**WHAT NEEDS TO BE DONE:** If a line below falls between the line with "Close up low" and the line with "Countdown to Forever", or is one of those two, output it exactly; output nothing else and no pictures.

**THE DATA:**
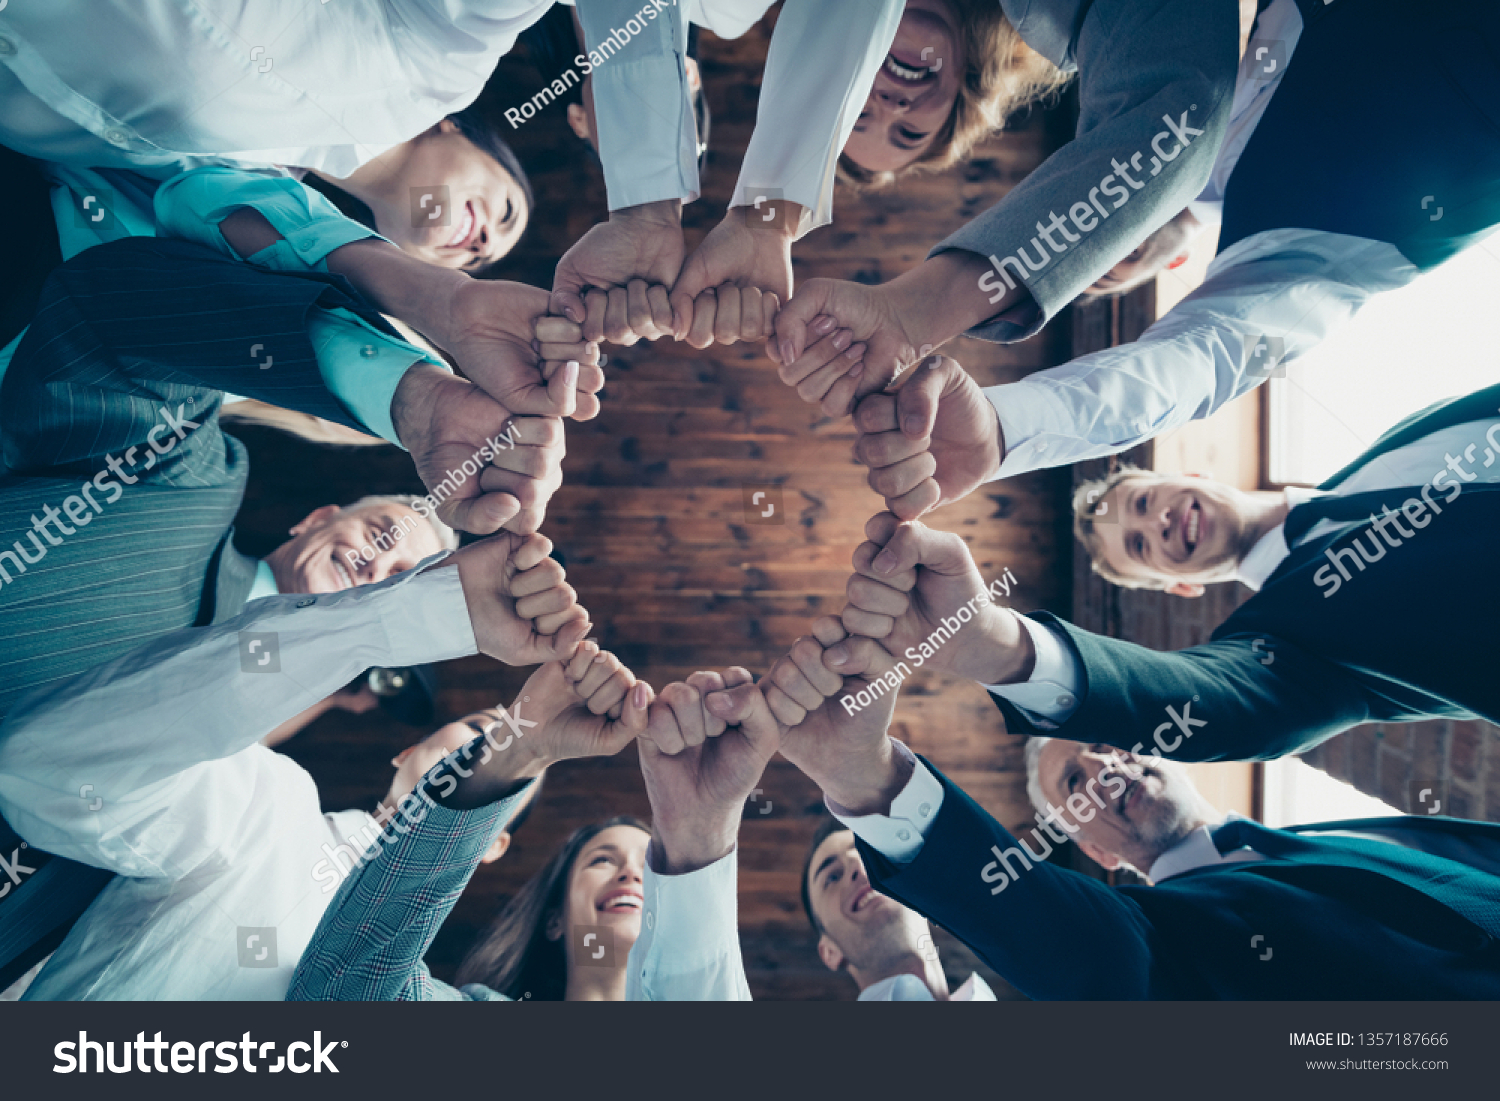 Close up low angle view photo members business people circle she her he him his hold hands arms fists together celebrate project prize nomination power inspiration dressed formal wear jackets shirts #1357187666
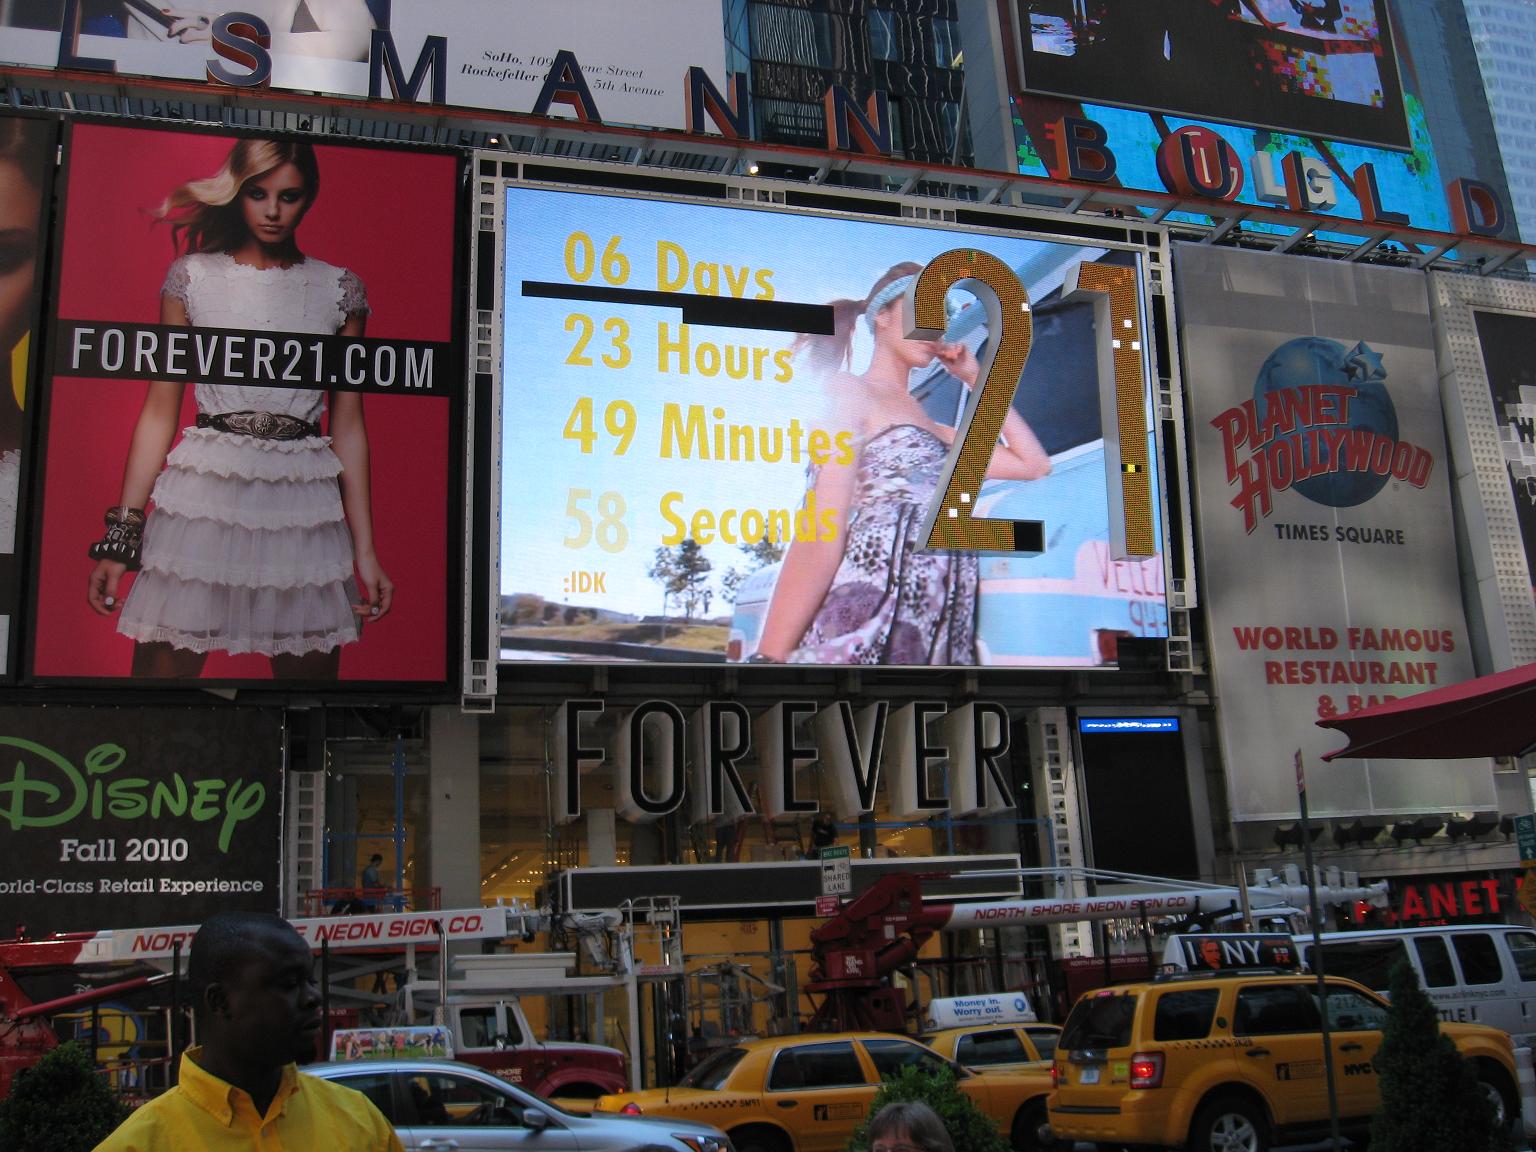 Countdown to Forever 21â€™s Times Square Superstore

---

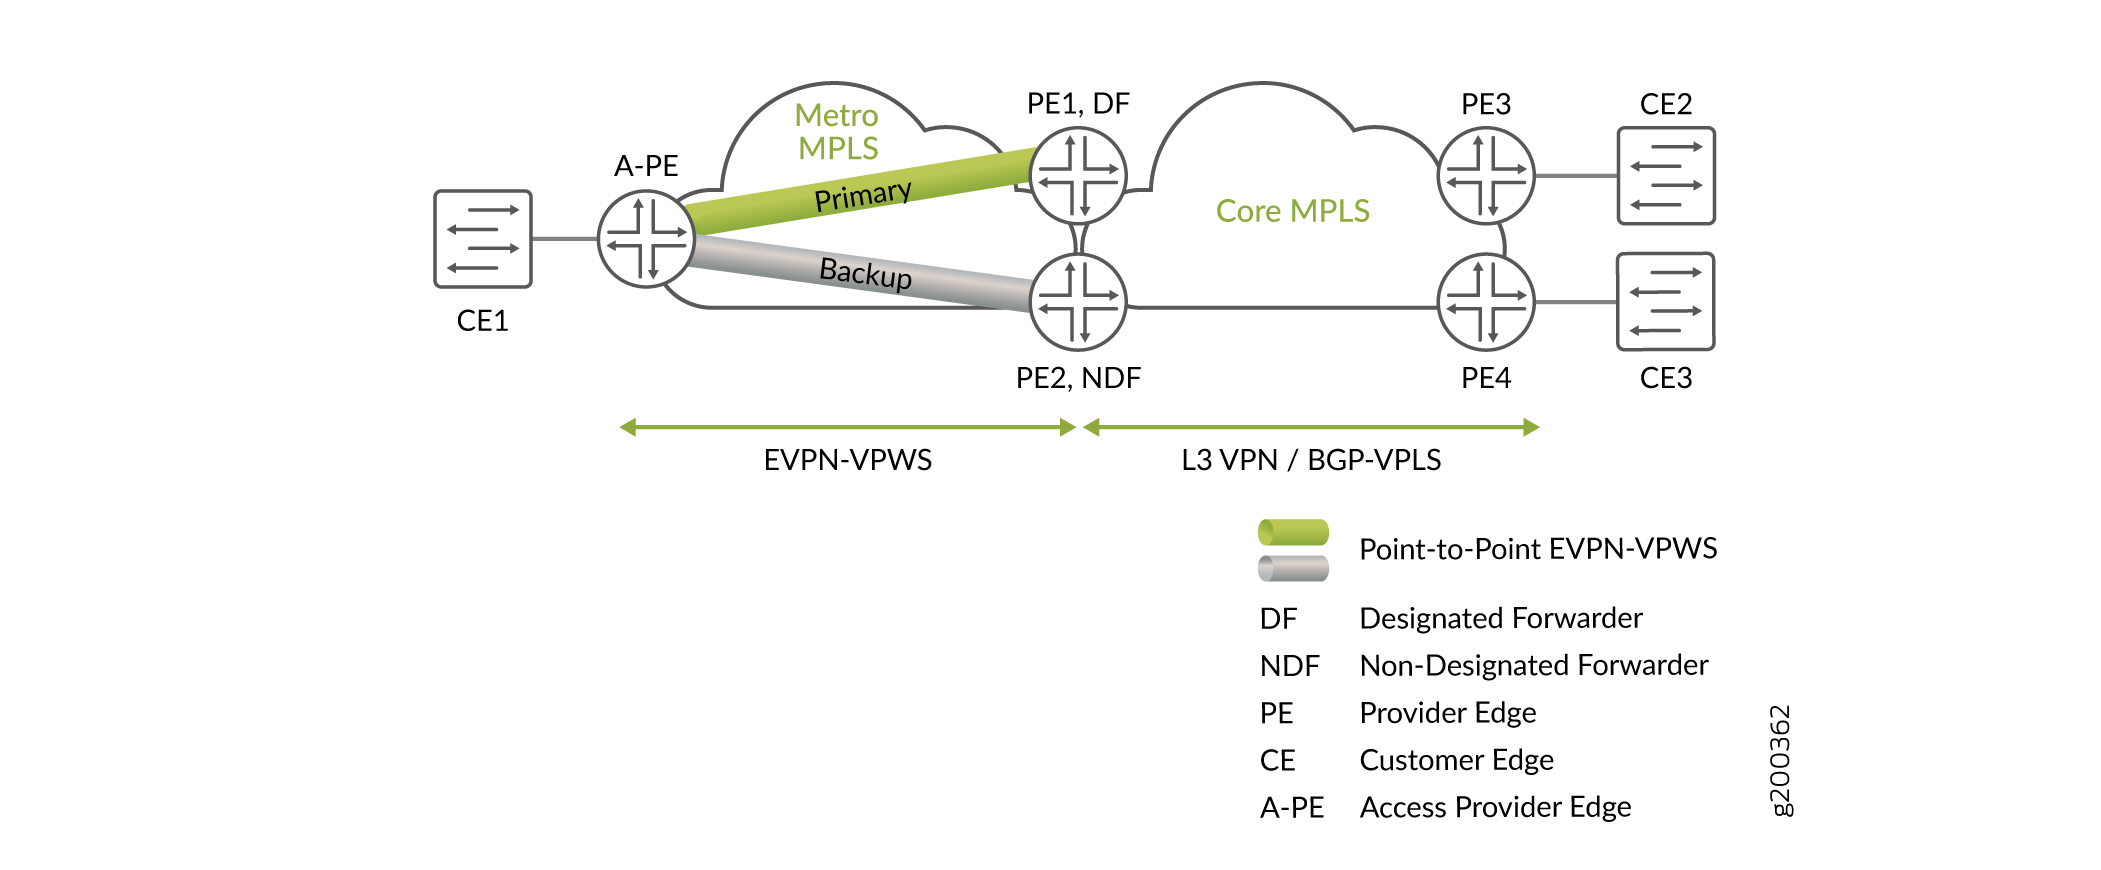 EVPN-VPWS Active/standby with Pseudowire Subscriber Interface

**SOLUTION FOR THIS EXERCISE:**
 Close up low angle view photo members business people circle she her he him his hold hands arms fists together celebrate project prize nomination power inspiration dressed formal wear jackets shirts #1357187666
 Countdown to Forever 21â€™s Times Square Superstore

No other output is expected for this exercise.